When I flipped my tube, she thought it was hilarious. (It was.) When I couldn’t get back on it and two women had to hoist me up, the laughter turned to gales.

When we finally linked up, clinging to one another’s tubes, along with my niece, and begging my husband to steer us along to the exit point, the laughter was a salve.

Constant. Loud. Fun. At one point, I was laughing so hard, I could not open my eyes.

So perhaps this little tubing adventure was worth it. My husband and I fell into companionable laughter, too, and just carried on as if time stood still and it was the funniest moment on the planet.

Thankfully, we pulled my son back on track when he veered off into a fork of the river. The little boys had a great time altogether. My daughter swam the last hour of the trip.

At points, the river was so shallow, a sandbar of pebbles rose up to beach us. At other points, it was just deep enough to swim along and push the tube.

I heard rumors of snapping turtles living in the river and kept my feet up from the mossy bottom. Later, my husband suggested that other things lived there, too, but we didn’t catch any leeches.

After one hour, my sister and I pulled out of the river, content to be done while the others floated onward to the end.

We drove our cars to pick them up at the mouth of the river. My eldest son and I swam across it to sand dunes and hiked a ways to Lake Michigan, which was warm and lapping in waves and glorious in sun.

We swam there, dwarfed by the ocean waves of last week but loving the clarity of Great Lakes water, so pristine, the bottom of the lake so satiny soft with sand.

The best part of a family vacation like this is falling into old roles that still serve us. Not the bickering dysfunction that can happen when family get together.

No, what I have always loved about my relationship with my sister is the way we can laugh together. We know each other better than we know most people in this world, and there is this silent link, like an electric current, that runs between us.
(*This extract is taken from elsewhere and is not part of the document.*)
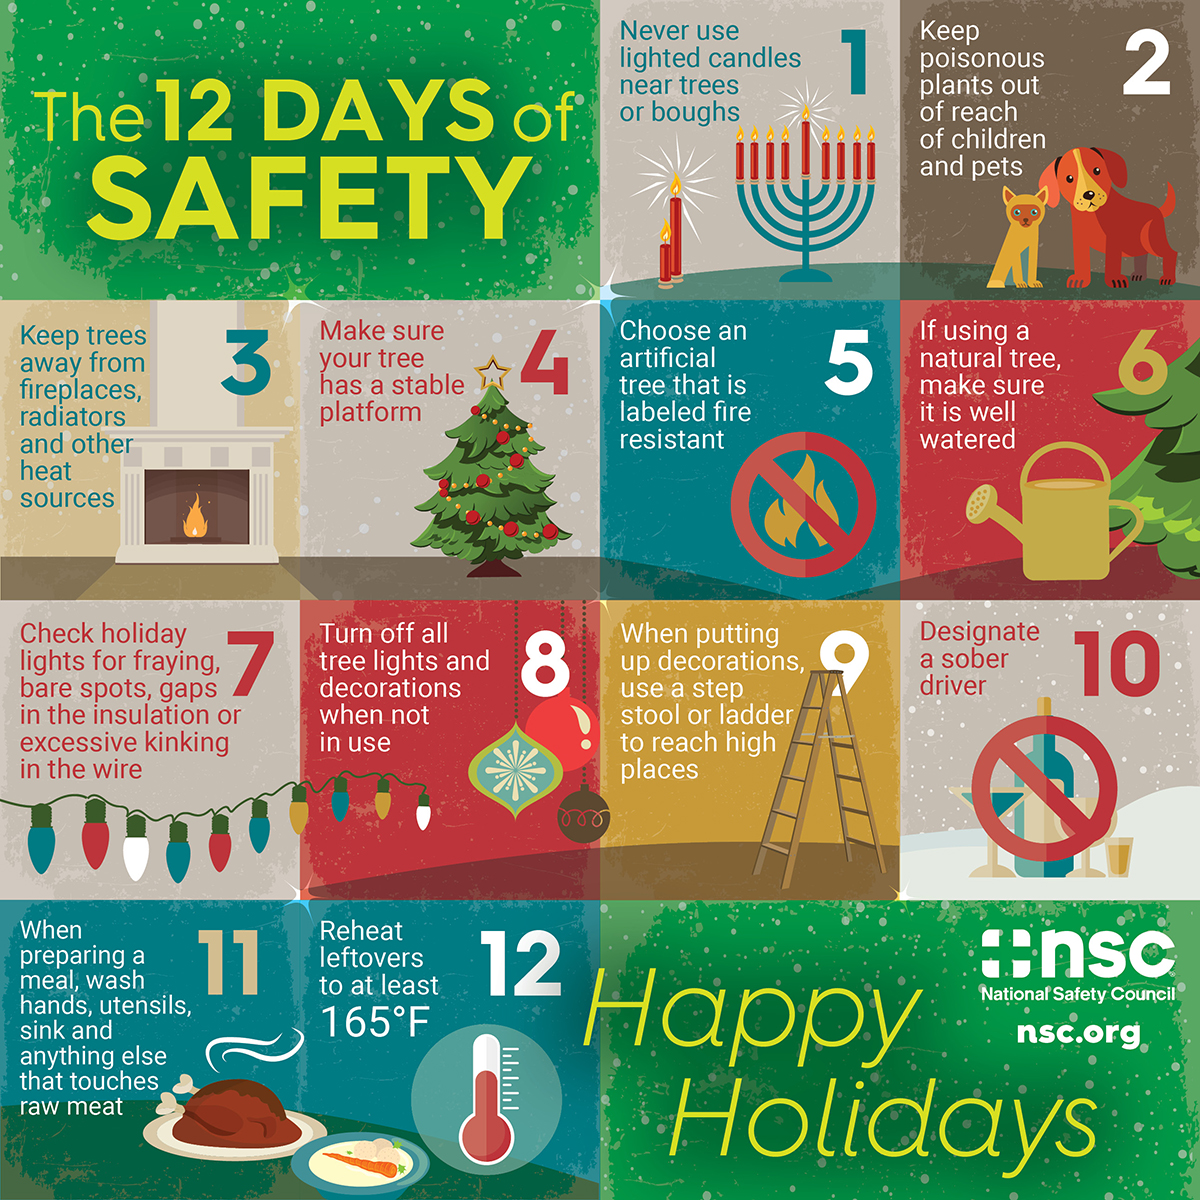 Holiday safety tips from the National Safety Council | 2016-11-10 | Safety +Health

She laughs, and I have to laugh. We see each other across the room or across the river, and we both crack up.

And I remember in that moment all the times we’ve laughed together before. Hard. Hearty. From the depths of who we are.

At the very end, as we waited for our family to finish their ride, we sat on a bench and talked. About the people who are connected to us, about our memories, about our children and our husbands and our lives.

That’s the relationship between sisters. We can say anything to each other. And we can laugh in unison.